• [Entries taken from a collection]:
↓
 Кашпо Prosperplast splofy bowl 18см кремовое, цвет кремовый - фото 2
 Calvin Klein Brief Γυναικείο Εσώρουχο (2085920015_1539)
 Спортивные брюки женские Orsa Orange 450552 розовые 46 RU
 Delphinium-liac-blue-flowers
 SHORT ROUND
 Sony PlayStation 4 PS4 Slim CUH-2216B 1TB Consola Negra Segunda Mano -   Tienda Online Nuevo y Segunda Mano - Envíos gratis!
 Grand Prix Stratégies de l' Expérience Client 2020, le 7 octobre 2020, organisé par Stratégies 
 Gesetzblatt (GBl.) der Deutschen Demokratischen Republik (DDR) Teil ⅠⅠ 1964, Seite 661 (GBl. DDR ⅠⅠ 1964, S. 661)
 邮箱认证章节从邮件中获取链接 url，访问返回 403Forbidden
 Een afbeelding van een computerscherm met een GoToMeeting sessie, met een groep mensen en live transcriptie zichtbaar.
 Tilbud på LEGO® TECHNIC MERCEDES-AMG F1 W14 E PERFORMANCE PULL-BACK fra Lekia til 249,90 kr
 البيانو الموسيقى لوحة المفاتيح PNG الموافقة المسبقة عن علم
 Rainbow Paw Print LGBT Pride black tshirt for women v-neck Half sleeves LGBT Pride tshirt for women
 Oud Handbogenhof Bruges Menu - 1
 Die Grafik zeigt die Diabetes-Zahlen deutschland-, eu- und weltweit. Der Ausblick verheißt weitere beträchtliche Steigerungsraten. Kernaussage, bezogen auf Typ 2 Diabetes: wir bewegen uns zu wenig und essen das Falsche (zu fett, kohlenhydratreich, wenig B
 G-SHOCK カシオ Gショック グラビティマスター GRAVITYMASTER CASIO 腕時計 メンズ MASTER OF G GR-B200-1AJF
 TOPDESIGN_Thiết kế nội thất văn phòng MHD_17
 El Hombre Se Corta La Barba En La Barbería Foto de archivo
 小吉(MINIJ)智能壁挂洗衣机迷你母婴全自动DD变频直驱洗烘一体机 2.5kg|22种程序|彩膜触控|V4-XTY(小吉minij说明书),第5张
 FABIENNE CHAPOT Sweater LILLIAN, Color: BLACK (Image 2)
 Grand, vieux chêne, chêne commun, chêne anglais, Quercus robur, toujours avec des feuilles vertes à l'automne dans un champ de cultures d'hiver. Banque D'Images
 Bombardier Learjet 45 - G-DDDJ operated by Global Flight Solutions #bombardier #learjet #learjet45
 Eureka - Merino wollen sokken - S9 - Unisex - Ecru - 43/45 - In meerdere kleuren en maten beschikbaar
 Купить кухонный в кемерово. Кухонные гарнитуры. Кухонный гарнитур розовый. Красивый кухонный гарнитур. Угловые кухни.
↑
• [Requirement]: The required answer is the run of lines above, starting at the line with "Die Grafik zeigt" and ending at the line with "El Hombre Se", reproduced exactly with both ends.

• [Solution below]:
 Die Grafik zeigt die Diabetes-Zahlen deutschland-, eu- und weltweit. Der Ausblick verheißt weitere beträchtliche Steigerungsraten. Kernaussage, bezogen auf Typ 2 Diabetes: wir bewegen uns zu wenig und essen das Falsche (zu fett, kohlenhydratreich, wenig B
 G-SHOCK カシオ Gショック グラビティマスター GRAVITYMASTER CASIO 腕時計 メンズ MASTER OF G GR-B200-1AJF
 TOPDESIGN_Thiết kế nội thất văn phòng MHD_17
 El Hombre Se Corta La Barba En La Barbería Foto de archivo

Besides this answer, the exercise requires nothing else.